The RISD Lunar Rover is a competition vehicle designed to compete in the NASA Rover challenge. The annual event sees teams race across a simulated extraterrestrial terrain, which consists of crates, boulders, ridges, inclines, crevasses, and sand pits. This time around our team decided that it was time to retire the old chassis and design and build a brand new vehicle from the ground up. The new design was lighter, more maneuverable, improved upon driver ergonomics, and incorporated better data collection, which included, among other things, a speedometer and a GPS unit. This was a ten months project with a team composed of roughly 18 people total.
Project Design Leader
Space Frame Chassis
When it came to designing the chassis, we decided to go with a space frame design. This setup enabled us to design a chassis that was very light, stiff, and strong. It also enabled us to easily install other components, like the differential and electronic, inside to confines of the frame, providing protection to the most delicate items.
Improving the ergonomics was something we wanted to focus on from the very beginning. The previous rover was suffering from compromises that were made in order to assure completion which lead to the riders being very unhappy with the comfort level of the buggy.

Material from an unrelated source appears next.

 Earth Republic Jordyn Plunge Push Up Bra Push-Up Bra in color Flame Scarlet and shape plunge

We decided to stick with carbon fiber again but we redid the geometry to assure both comfort and strength.
One of the biggest challenges was to design a rover that could fold up and be placed within a 5 x 5 x 5 foot cube. The new rover was 8 feet long and in order to collapse it, we designed a single dual hinge to make the unfolding as fast as possible. This enabled us to get the buggy to stand vertically and fit within the box.

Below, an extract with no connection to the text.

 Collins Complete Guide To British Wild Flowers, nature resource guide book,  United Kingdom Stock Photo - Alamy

One of the big issues that needed to be solved in the new design was the rear drivetrain. Because the drivers faced two different directions the rover was equipped with two separate drivetrains. The problem was the rear driver had to peddle in the wrong direction in order to move the rover in the correct direction. In order to overcome this issue, we designed the drivetrain so that the normal pedaling direction would result in the wheel turning in the reverse direction.
In the very early stages of the development process we toyed around with a few different ideas. These included 3 wheel vs. 4 wheel designs, complete carbon fiber body, drivers sitting side by side, etc. We decided to go with a three-wheel design because of weight and stability. We also decided to put the drivers back to back so that we can keep the weight of the rover as centered as possible.
Designing the actually chassis was one of the most challenging aspects of the process. We start out by doing sketch models made from straws and hot glue. Once we had a sufficient enough idea of where we wanted to go we moved up in scale. We did some tests with PVC tubing and after we decided on a final size, we went to CAD to finalize the geometry.
At this point we had narrowed it down to 3 chassis. In order to get the lightest and strongest one possible, a finite analysis was conducted on each of the chassis to see which one would preform the best and which would be the lightest. This helped us finalize the chassis and then construction started.
The fabrication took place at the RISD shops. A large amount of the chromoly tubing was sourced from Cartesian tubing. The tubing was then cleaned and brazed using brass filler rod in order to assure maximum strength under racing conditions without worrying about annealing the steel.
Once the bulk of the brazing was done, we started fabricating other components like steering, suspension, wheels, seats, and drivetrain. We machined, molded carbon fiber, and 3D printed components in order to get the rover finished and ready for the competition.